WAB was chosen to be the base for the Australian team for all the non-training activities – physiotherapy, offices, equipment stores and similar, so we enjoyed the company of all the Aussie athletes and trainers for the Games themselves, which was a pleasing experience by and large. But we were also used by loads of extremely commercial companies as a training base in the months leading up to the Games. So TV camera men were being trained for months by English guys who worked full-time on the Olympics for a British TV company. These got horribly in our way, as we had to also set up lights and sound equipment for the multitude of school activities every day, and these idiots got under our feet a lot!
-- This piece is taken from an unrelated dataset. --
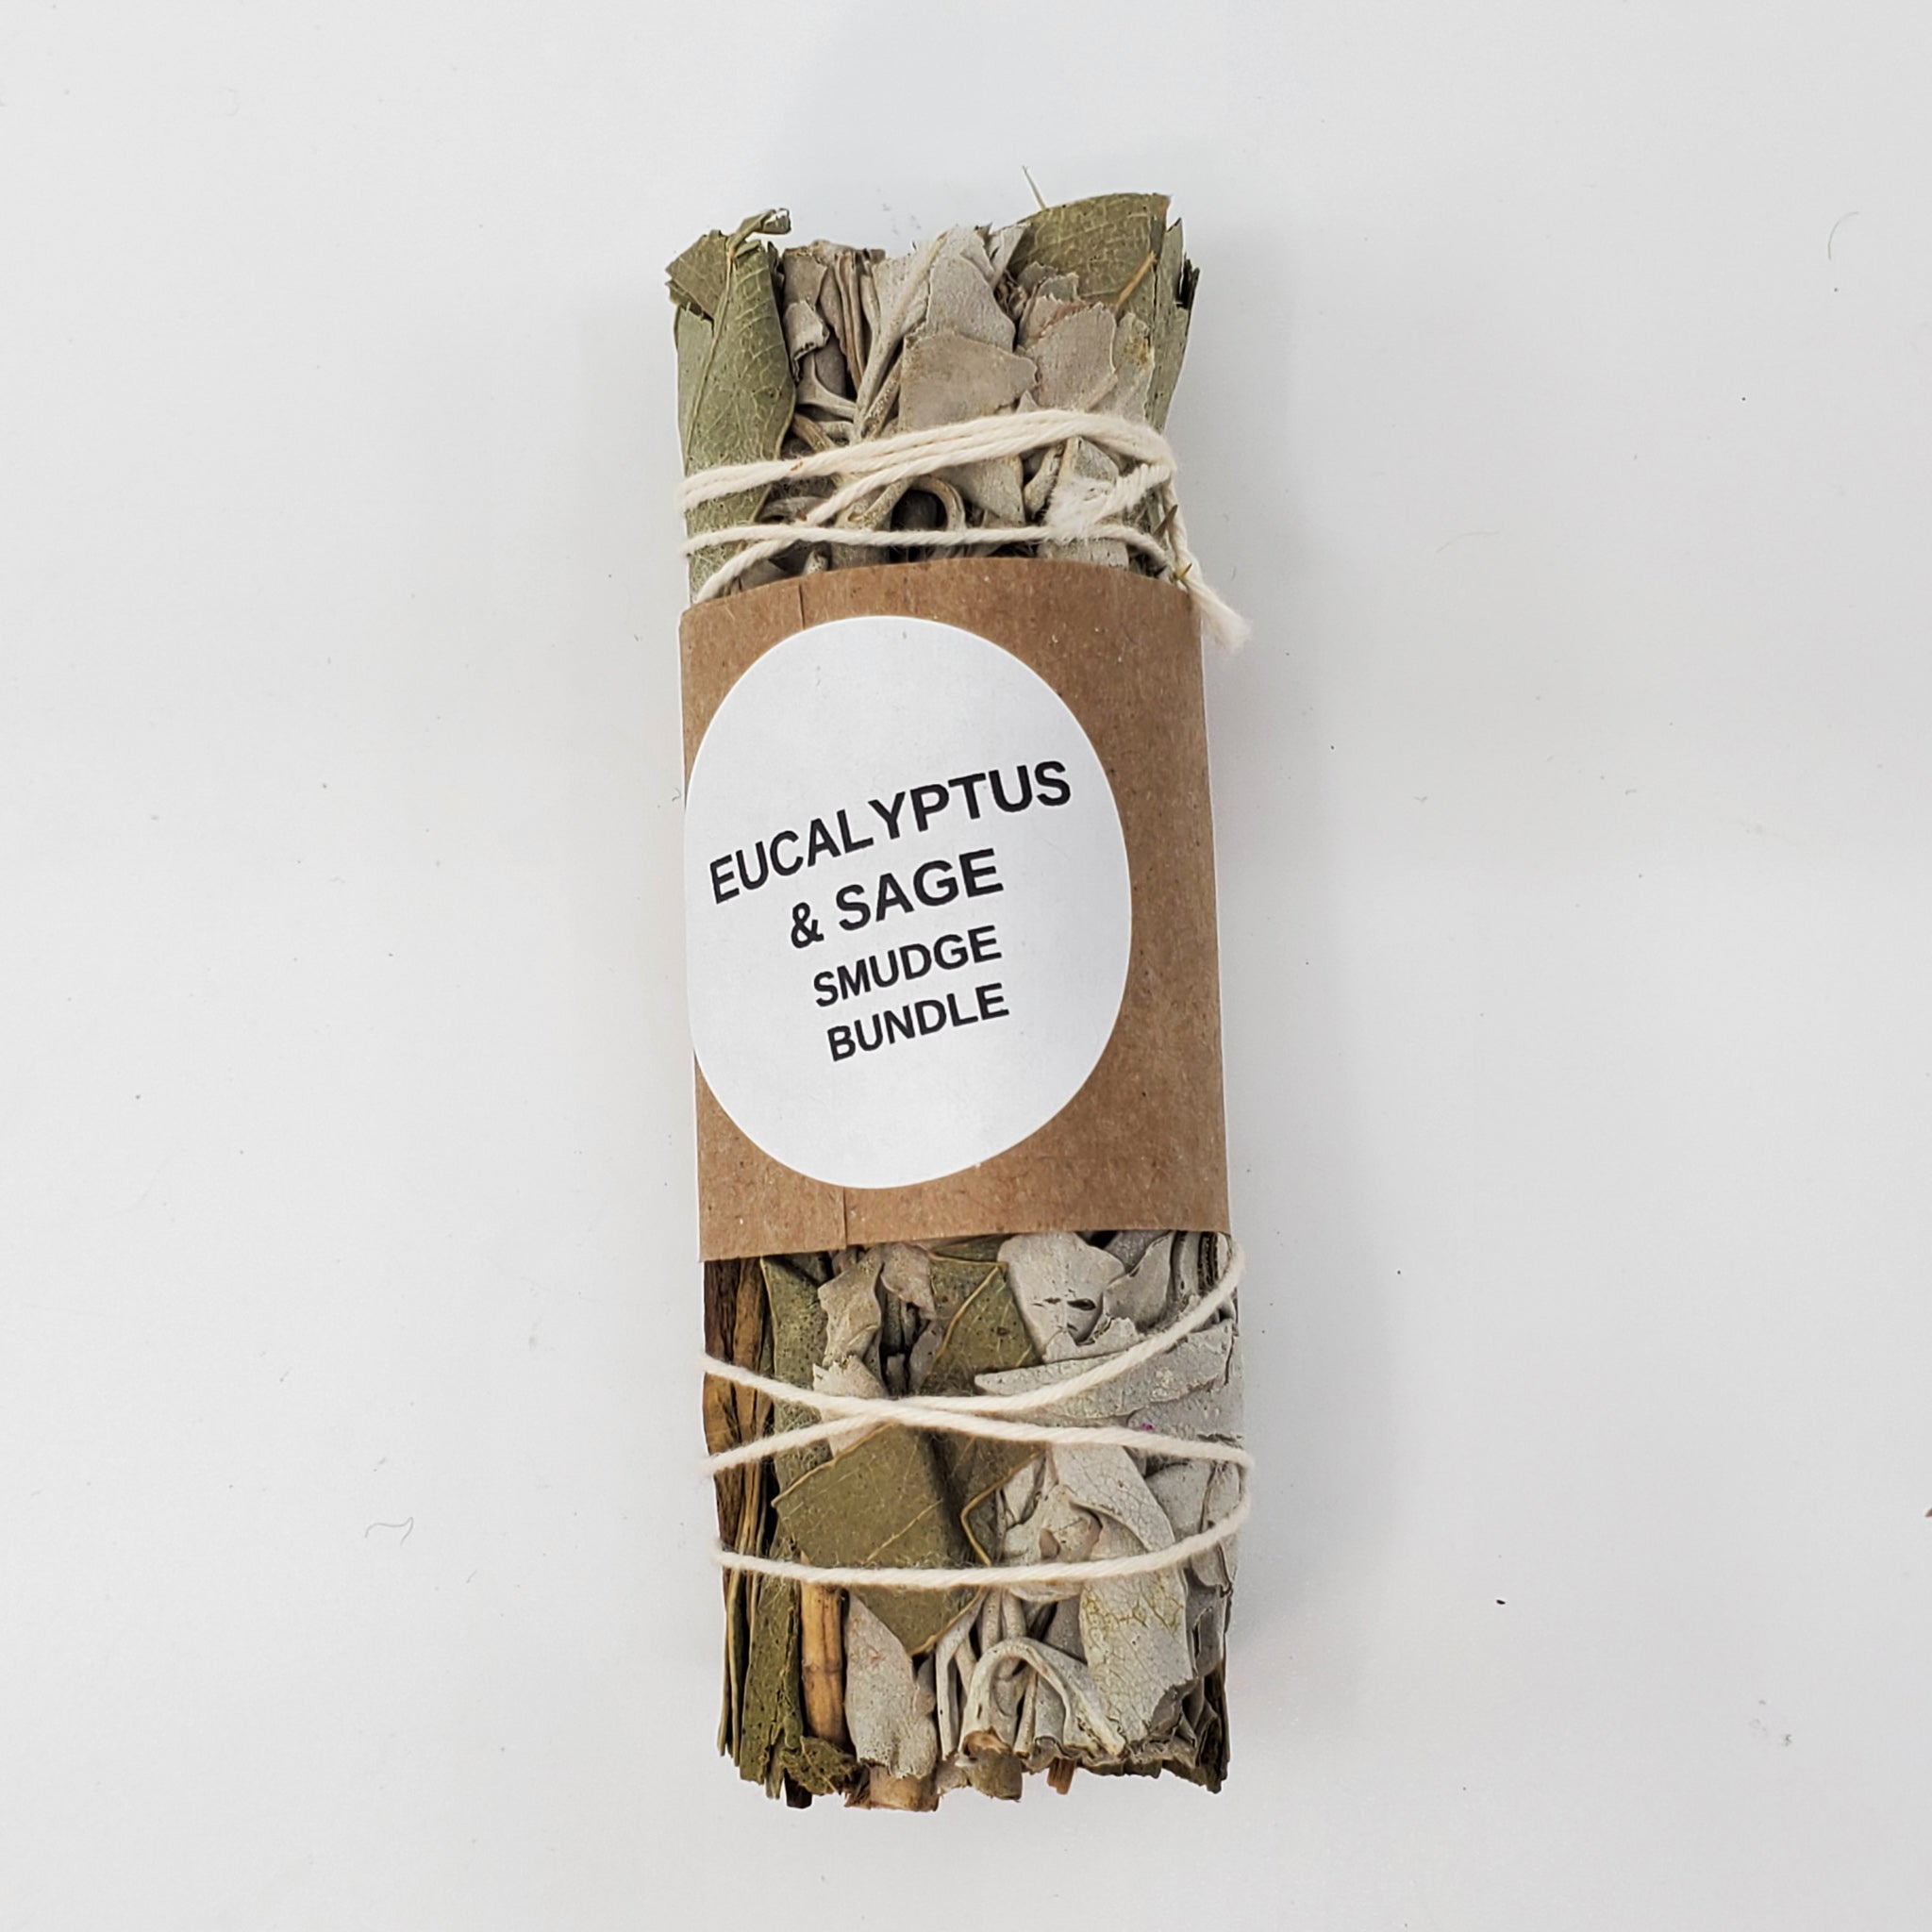 Eucalyptus & Sage Smudge Stick - The Mockingbird Apothecary & General Store

I was also briefly employed by the local cops to (of all things) try to teach them English. This turned out to be a publicity stunt on the part of the City of Beijing, as what I had to do was stand in front of a class of Tourist Police and pretend to teach them English while being filmed by a full team of cameramen and sound guys – all good fun and harmless stuff. In fact all the Tourist Cops in Beijing speak perfectly good English. In passing, it was a joy to live in a country where (unless they needed guns and similar) the cops didn’t wander around laden down with guns, tasers and bullet proof vests, after having lived in too many countries where they did that… and also it was great to live in a place where the cops wore smart uniforms rather than black combat suites.
As the time for the Games approached, more and more of the companies who live off the games appeared, and we became aware that in fact the Olympics were all about earning large sums of money for no end of companies and the athletes were the produce, the coca-cola bottles as it were.
This rather depressed me, and those of us who were witnessing this hyper-commercialising of the athletes endeavours. Not only did we see the direct commercialising of the athletes work, but we had to listen to the lies of the various broadcasters who were sent to China to report on the Olympics, but also were apparently also ordered to say the strangest and untrue things about China. The Chinese government is absolutely not a nice one, but then plenty of others around the world are even worse, and the total lies we heard everyday on the BBC and other apparently honest broadcasters was depressing, to say the least! They went out of their way to find nasty things to say about the country, its people and its government, and as one who lived there and knew the realities of Chinese life, I found the various lies hard to take.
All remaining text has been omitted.